Wednesday, November 21, 2007

mean mama

i was mean to my girls this morning.
and the show went down for all to see at the woodstock library.
it made me sick and feel like a low-life, but i was so angry and hormonal and freaky.
i couldn't stop, despite the audible pleading with the One who can clear these things up: "God, please help me be good to them. I need your help right now. Right now.
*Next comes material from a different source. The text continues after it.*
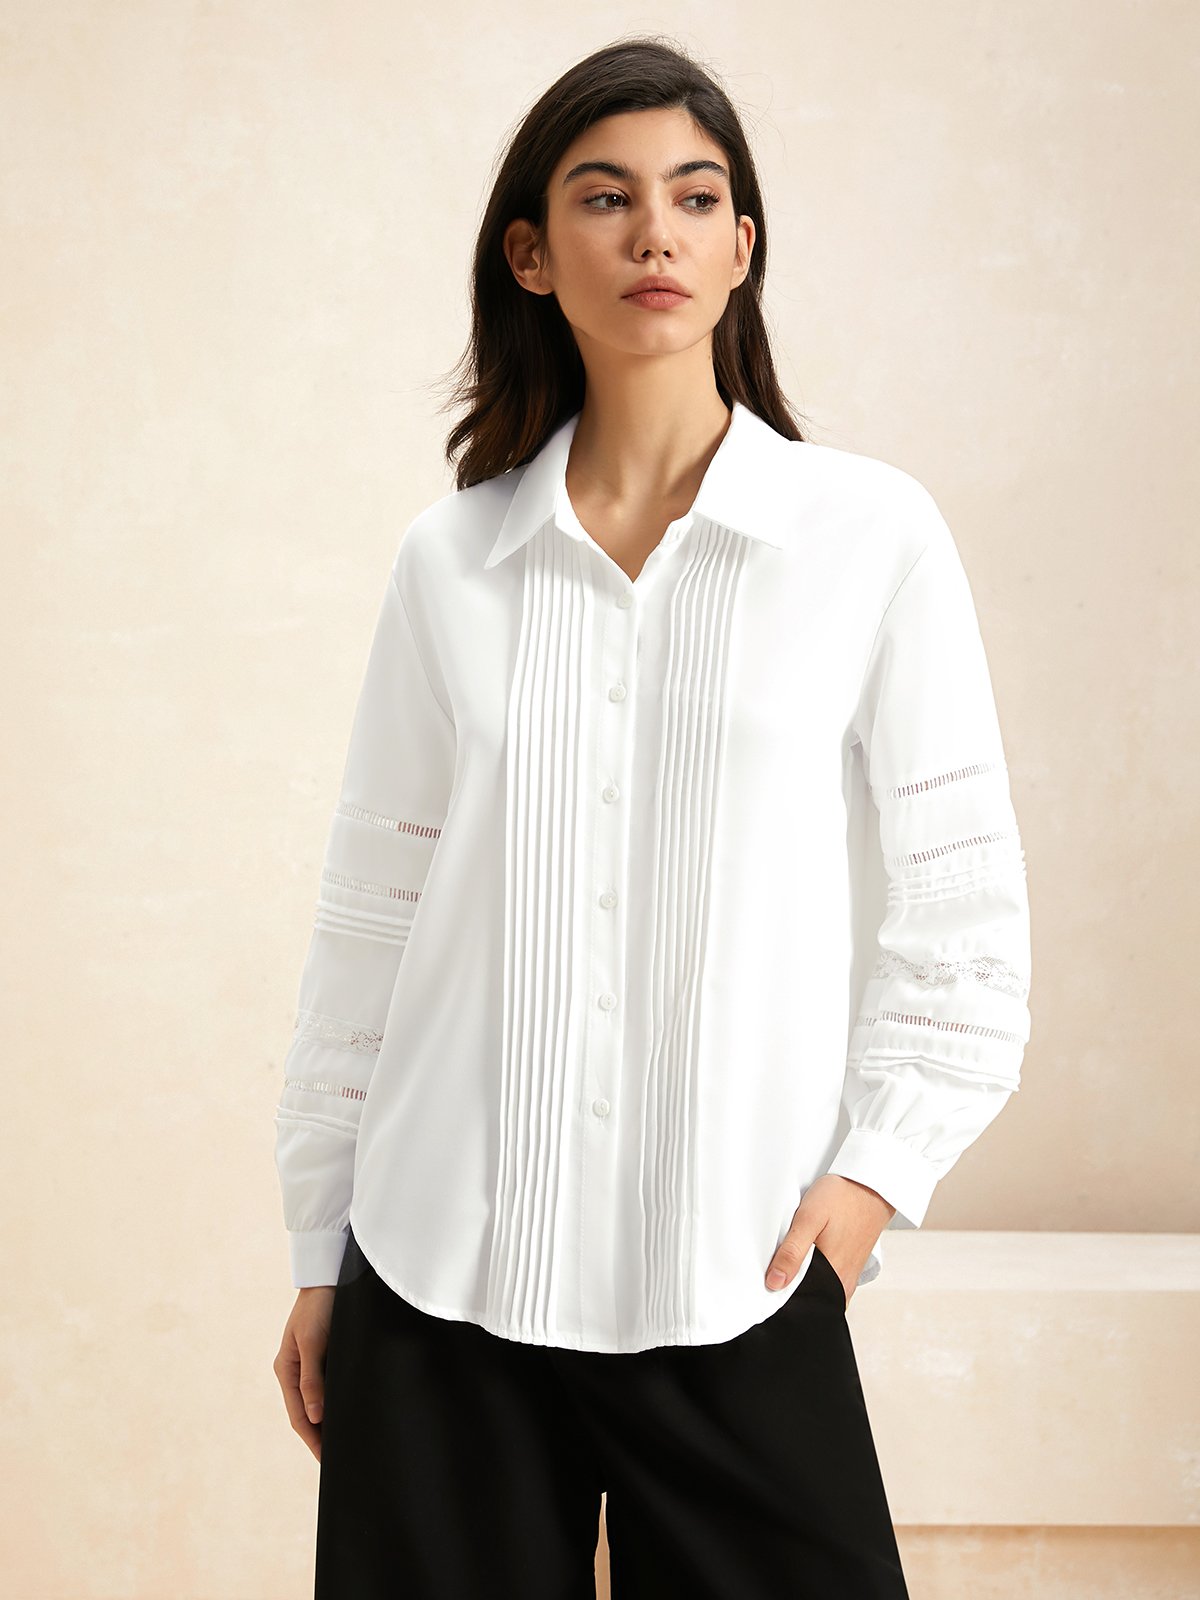 Shirt Collar Long Sleeve Plain Lightweight Loose TUNIC Blouse For Women

Hurry up or it's gonna get bad."
it doesn't happen very often, thank God, because i am married to an amazing man who is a full partner with me in loving our girls. i would be a tragic single mom.
but today i was the twin one of those women you see at grocery stores or banks or other bad mom spots, where bad moms hang out and yell at their kids. bad moms who are exhausted but have to buy something to feed the noise. bad moms whose gut and thighs are bigger than their husband's and who can't do anything but have fried, split-ends and brown-coffee teeth. those people you shake your head at and want to deprive of the very air they are stealing from all of the good people in the room, like yourself.
even the librarian lowered her voice and asked me if i needed help with anything, and i could tell she meant "help" in more than a "can i help you find barney's best pals go to the bouncy castle?" kind of a way.
she packed my back pack for me upon checking out mozea's books and wished me well before she sent me out the door.
then things really got nuts.
i couldn't find the key to the van. ruah was screaming and pulling my hair. mozie was screaming and pulling ruah's hair. both of them were falling out of my arms and mozea's baby doll stroller was about to get thrown across the street and into the library parking lot if it didn't cooperate and stop falling out of my pinkie finger grasp.
we were a tumult. a writhing psycho circus with a giant bad mom clown fueling the craziness for the entire show, curtains and all.
i broke into our van and put the girls in their seats and then proceeded to bawl while i yelled at mozea that i was crying because i couldn't find the keys and what were we going to do now?! we have no other key! this is a volkswagen--you get your spare key from a shop in europe for $100 dollars! one-hundred-dollars!
while i went on with my bawling soliloquy, i got on all fours and started climbing under the van, looking under the tires, desperately hoping that God would show up and do something for this insane woman who didn't deserve anything but to be put in a very long time-out.
and then it came.
"mama, the keys in da napkim."
"mama, the napkim. the napkim."
mozea's little voice tried to bellow over my tragic hormonal state.
i felt a nudge to be quiet and listen, and so i listened to the only thing i could hear--mozea.
she had put the key in the wipes container and shut the lid to make a shaker, and then threw it to the outer reaches of the van's interior.
she was telling me she put the keys in with the napkins, and
there is no way i would have ever found it.
never.
we would have gotten second jobs to pay for the new key before that van would've moved from woodstock library.
i climbed up next to mozea, hugged her, sobbing, and asked her to forgive me.
i loved her, i loved her, i loved her.
"ok. it's ok. mama? upset?"
i just sobbed and mozea and ruah laughed and laughed, thinking it was just a funny face i was making to end the show, to draw the curtain on the circus from hell that had been our morning.
when i got into the driver's seat and put the key in the ignition i asked mozie to pray for me, because, as she could see, mama was having a very hard day.
"yeah. ok....pray God for mama...for van key...not upset. van key in da napkim."
what grace.
who deserves this immediate forgiveness and re-admittance into the good mom seats?
who deserves this from their child? their baby?
not me.

Wednesday, November 7, 2007

mozea in the morning

mozie woke up yesterday morning reading her bi-mart coupon book in bed at full voice.
michael was reading it to her before she went to bed: "99 cents, cascade liquid detergent. buy one get one free glade plug-ins. mr. coffee coffee filters, 3.99...."
i just laid in bed at the ripe ol' hour of 7:30 am and waited for her to read herself back to sleep.
around 7:40, she started 'crowing' at me: "mama! mama! cah cah! cah cah!"
her ears are all stinky in the morning. i love it. it's this little mozie stink cradled right between her fat cheeks and her ear lobe. it's the nights' drool, i'm sure. i tell her she has stinky ears and she says "i have stinky ears, mama!" in this awesome two-year old tiny voice.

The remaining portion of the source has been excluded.